In de baggerspecie mogen geen fysische verontreinigingen en/of grofvuil voorkomen. De fysische verontreinigingen en/of grofvuil dat achterblijft in de scheidingsbekkens en vrijkomt bij het reinigen (of zeven) van het zand, zal voor rekening van de ontdoener worden afgevoerd. Indien het afgescheiden zand van de partij groter is dan de inhoud van de scheidingsbekkens, dient de ontdoener rekening te houden met een ontgravingduur van 4 weken per scheidingsbekken.
Wanneer er sprake is van asbest verdachte baggerspecie die in aanmerking komt voor zandscheiding dient de ontdoener aan de hand van een historisch- en locatie onderzoek (welke activiteiten hebben er in het verleden rond de te baggeren locatie plaatsgevonden, wat voor beschoeiingen zijn en/of waren er aanwezig, overstorten rioleringen en eventuele asbestbrand etc.) aan te tonen dat de partij asbest vrij is, met als uitgangspunt de NTA (Nederlandse Technische Afspraken). Als blijkt dat uit bovenstaand onderzoek de specie als asbestverdacht of als asbesthoudend getypeerd wordt, mag er geen zandscheiding plaats vinden en kan deze onder goedkeuring van de depotbeheerder direct verwerkt worden in het depot.
Partijen baggerspecie, waarvan bekend is dat deze mogelijk NGE bevat, worden niet geaccepteerd.
Voorwaarden voor Put Cromstrijen (PC)
Voor de acceptatiecriteria van Put Cromstrijen wordt verwezen naar het acceptatieprotocol van Put Cromstrijen (PC) welke is te vinden onderaan de startpagina welke zichtbaar is indien u zich heeft geregistreerd als ontdoener. Het herkomstgebied is hetzelfde als voor BDHD; er zijn echter bovengrenzen/ maximale concentraties als acceptatiegrens van toepassing. Belangrijk is dat er bij een bergingsverzoek voor PC i-Bever-toetsingen voor de Put Cromstrijen worden aangeleverd waaruit blijkt dat de bagger mag worden geaccepeteerd in PC.

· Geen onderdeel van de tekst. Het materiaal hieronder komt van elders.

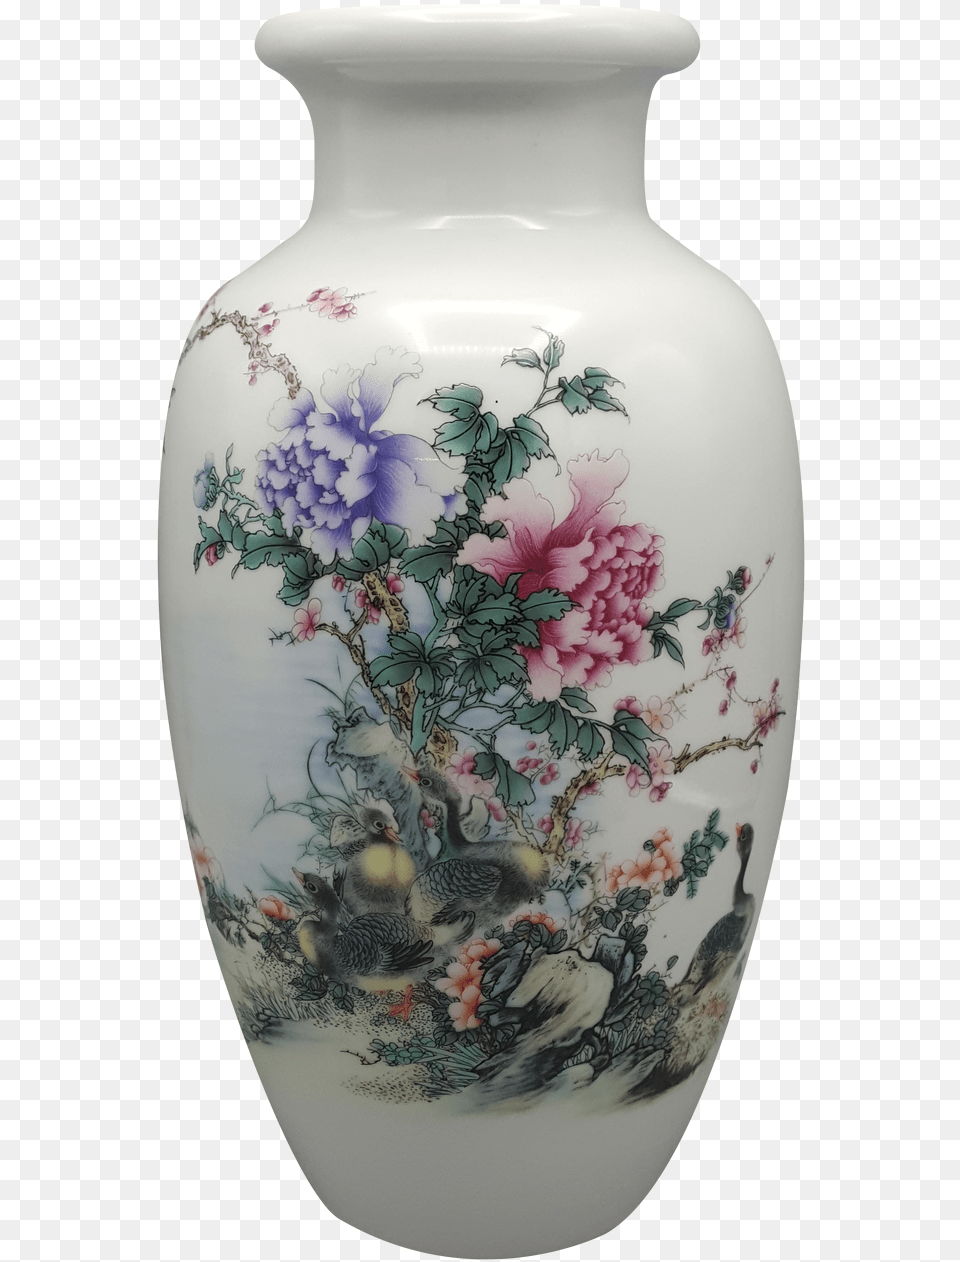 Porcelain, Art, Jar, Pottery, Vase Free Png

Kosten stort-/verwerkingstarief voor PC en BDHD
Voor het storten en/of verwerken van baggerspecie van derden is een stort-/verwerkingstarief verschuldigd; tenzij hier een schriftelijke vrijwaring voor is verleend.
Het stort-/verwerkingstarief is € 10,60 per m3 baggerspecie gemeten in het beun.

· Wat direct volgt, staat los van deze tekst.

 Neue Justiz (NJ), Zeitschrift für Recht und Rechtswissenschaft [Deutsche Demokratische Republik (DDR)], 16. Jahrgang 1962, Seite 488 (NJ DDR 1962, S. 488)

Rijkswaterstaat betaalt geen stort-/verwerkingstarief voor baggerspecie afkomstig uit werken/projecten waarbij:
- Rijkswaterstaat ontdoener is
- het Rijk meer dan 50 % bijdraagt in de uitvoeringskosten van het betreffende project
De kosten van zandscheiding worden nog niet afzonderlijk verrekend maar zijn inbegrepen in het storttarief.
Er vindt geen extra verrekening plaats bij zandscheiding in het sedimentatiebekken.
Tarieven kunnen wijzigen en/of aan differentiatie onderhevig zijn. Over het storttarief dient BTW te worden betaald. Overheden betalen geen BTW.
Voor het gebruik van de bakkenzuiger "Alouette" dienen met de aannemerscombinatie aanvullende prijsafspraken te worden gemaakt voor het lostarief. Hiervoor kunt u contact opnemen met Baggerbedrijf de Boer te Sliedrecht (0184 411 999).
Het storten in PC is alleen mogelijk met onderlossers en/of een stortkoker. Hiervoor kunt u eveneens aanvullende prijsafspraken maken met Baggerbedrijf de Boer te Sliedrecht (0184 411 999).